Have you read the reviews here on TUG - there are quite a few of SXM resorts.  There are also several other websites that have pretty good maps of where the resorts are located - just do a Google search for SXM maps.  or check out a guidebook for the island - you may easily be able to narrow down the type of spot you'd like.  There is no one perfect location for everyone.

When we got our exchange to Royal Islander Club la Plage it took exactly one day to be filled - we went in late July.  I don't remember how far in advance I put in the request but it was probably 3-4 months out (our typical planning window).  You may need to wait longer right now because many people don't have to pay their MFs until late this year or early next year and that may be when they typically deposit.  I still think you will easily get this trade.


----------



## Bucky (Jul 24, 2012)

Maintenance fees at RI La Plage are not due until October so that's when you'll see trades showing up in larger numbers. 

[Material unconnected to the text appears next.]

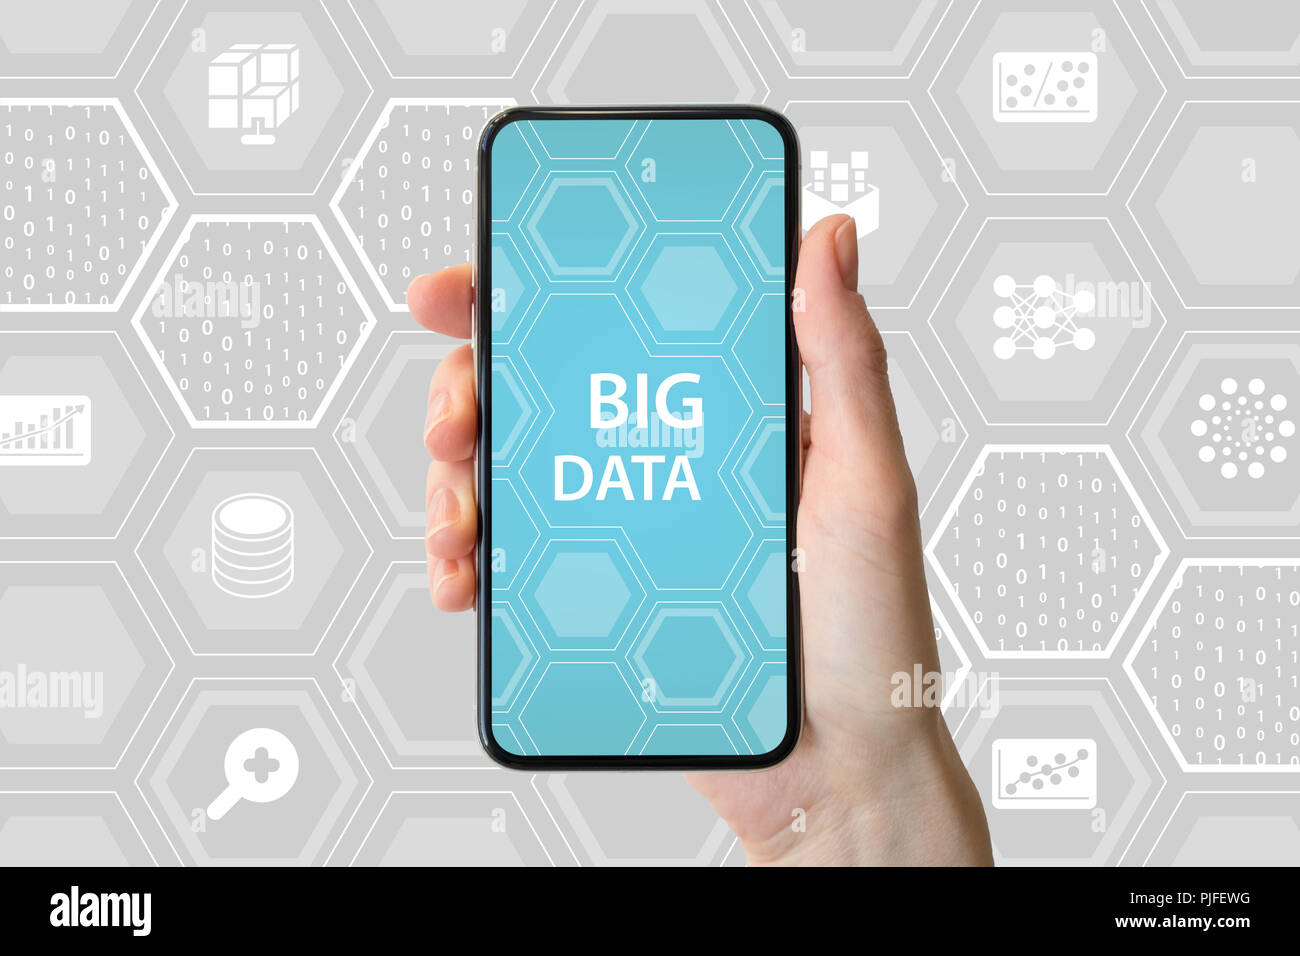 Concept de big data. Main tenant cadre moderne-smartphone libre en face de fond neutre avec des icônes Banque D'Images

The only possible negative about La Plage could be the proximity of the airport! On the other hand we loved it just for that reason. Laying on the beach or around the pool and watching the take offs/landings was great. The best thing about the resort is it's location by far. Just walk out the front door and you're in the middle of everything! Grocery store, casino, restaurants, shopping, etc. This is by far our favorite resort in St Maarten.


----------



## hotcoffee (Jul 24, 2012)

Bucky said:


> Maintenance fees at RI La Plage are not due until October so that's when you'll see trades showing up in larger numbers.
> 
> The only possible negative about La Plage could be the proximity of the airport! On the other hand we loved it just for that reason. Laying on the beach or around the pool and watching the take offs/landings was great. The best thing about the resort is it's location by far. Just walk out the front door and you're in the middle of everything! Grocery store, casino, restaurants, shopping, etc. This is by far our favorite resort in St Maarten.



You are the second person to suggest that deposits might not show up until October.  I'll probably shelve the villa idea because I would probably want to try to grab one prior to October.  I'll just hold out for an exchange.

Well, that's two votes for La Plage.  The location sounds good.  I actually would not mind being near the airport.  I figure we will want to go to Maho Beach and experience the jets nearly landing on our heads.  I doubt if I will attempt to go up to the fence to endure the jet blast though (if they will still allow that by the time we get there).


----------